Jav smiles, shaking his head. “Nothing. Give me a ring or text me, let me know about Ari. He has to be back at Lark House by ten.”
“No problem.” Alex’s gaze gets snagged on Jav’s. A tiny electric frisson passes between them. Almost like chemistry.
Chemistry? What the fuck?
Foreign and disturbing as the idea is, he still feels reluctant to let Jav drive away.
“What was wrong with her?” he asks.
“Her who?”
“Your date.”
Jav puts the car in gear. “Him.”
Alex blinks. “Oh.”
Jav drives away.
Jav goes over to Tulip Street one day. Alex is sitting at the bottom of the staircase, his back against the wall, feet against the newel post.
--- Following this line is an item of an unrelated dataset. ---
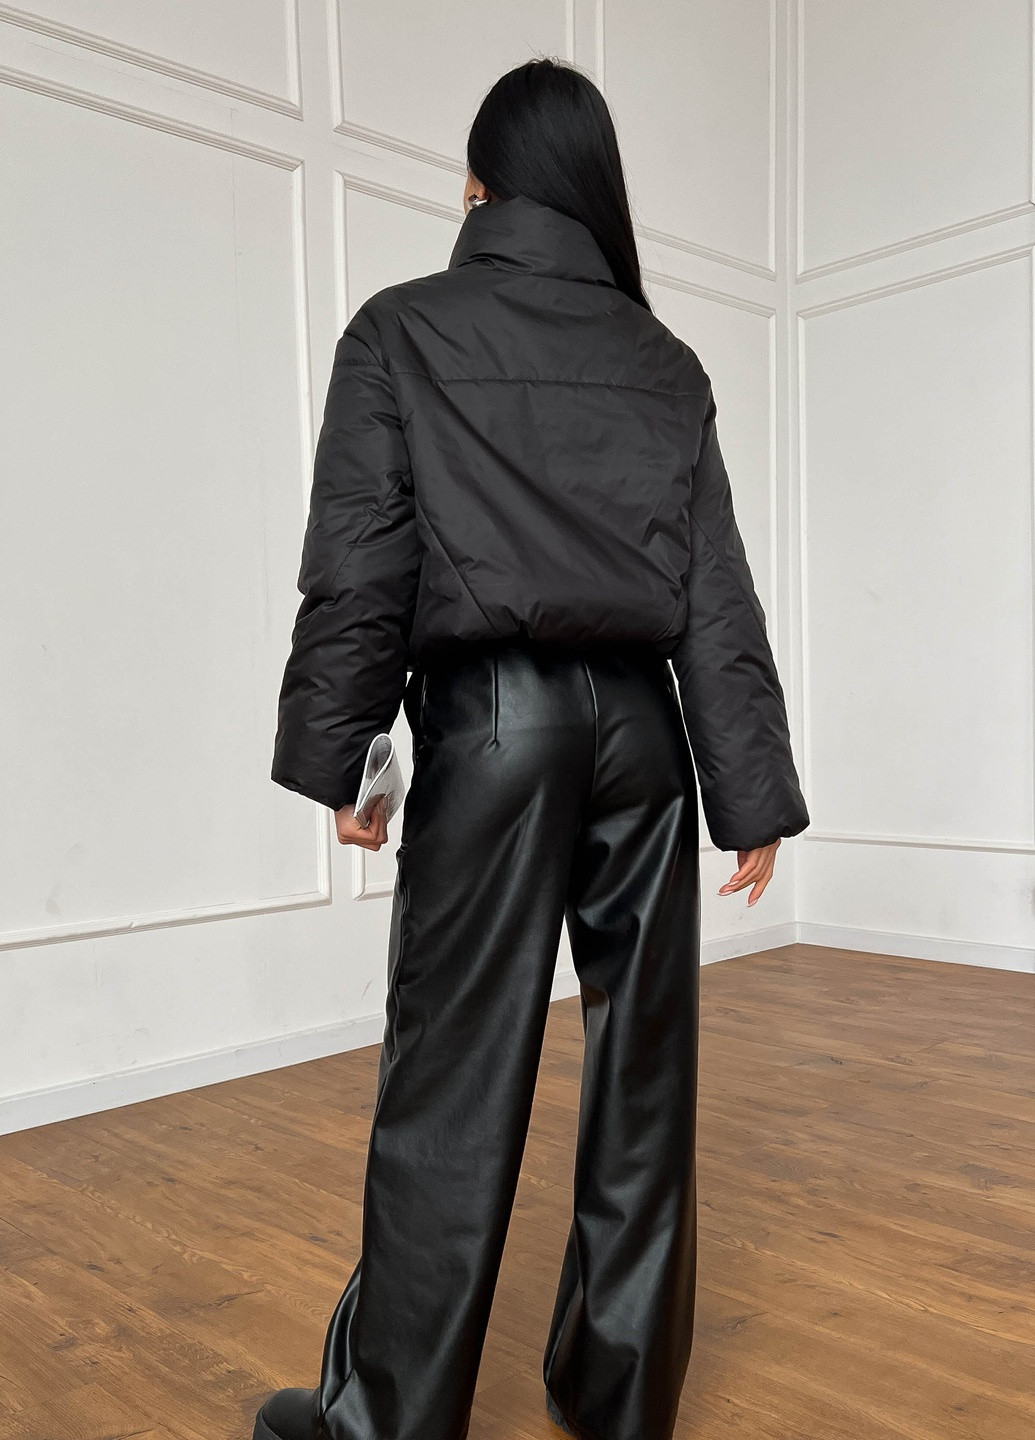 Черная демисезонная демисезонная курточка в черном цвете Jadone Fashion

Halfway up the stairs, the Lark-Penda’s kitten, Esmeralda, is perched on a tread, mewing pathetically. On each step leading down to Alex is a little bit of cat kibble.
“What are you doing?” Jav says, leaning on th
e banister.
“Teaching her to come down.” Alex looks up and makes a whispering noise between his teeth. Esmeralda whines. She puts down a trembling front paw to the next tread and takes it back. She turns around and tries lowering a back paw but that doesn’t work. She cries.
“Dude, you’re so mean,” Jav says.
“She can do it,” Alex says. The light comes in the stairwell window and shines grey-green in his eyes. His lips move around that whispered beckon. “Come here,” he says. “Come.”
Jav swallows, briefly closing his eyes and wondering what that whisper sounds like against skin. In the dark.
“That’s it,” Alex says as Esmeralda takes another step and eats her reward. “See?”
She mews at him. He mews back, then laughs. “Drama queen.”
Jav watches, fascinated and longing as step by step, the kitten makes her way down to Alex. He picks her up in one big hand and rubs her face against his. “Good girl,” he says, laughing. “Look at that, huh? You did it.”
He curls her in a palm, feeds her another treat and tucks her against his chest. Above her head he grins at Jav. Tousled and unshaven. Body relaxed and muscular in jeans and a flannel shirt. “Tough love, man. It’s how they learn.”
Come, Jav thinks. Come here. You can do it…
Harris Tweed
I wanted so much for Ari and Geno to become friends. They’d complement each other beautifully and I can totally see Geno continuing his education at New Paltz. But there’s only so much you can pack into an epic novel. —SLQR
Jav invited Geno to come see his nephew’s art exhibit at SUNY New Paltz.
“Is this crossing the smudged boundary?” Geno said to Stef.
“Only if you punch me.”
“Awkward.”
“Sorry.”
He, Jav and Stef took the subway uptown to meet up with Roger Lark, The Treehouse Guy.
“My mother had a thing for you,” Geno said as they shook hands.
“I get that a lot,” Roger said. “And may I say, nice jacket?”
Geno was wearing Nathan’s Harris tweed jacket, nearly identical to the one Roger was sporting.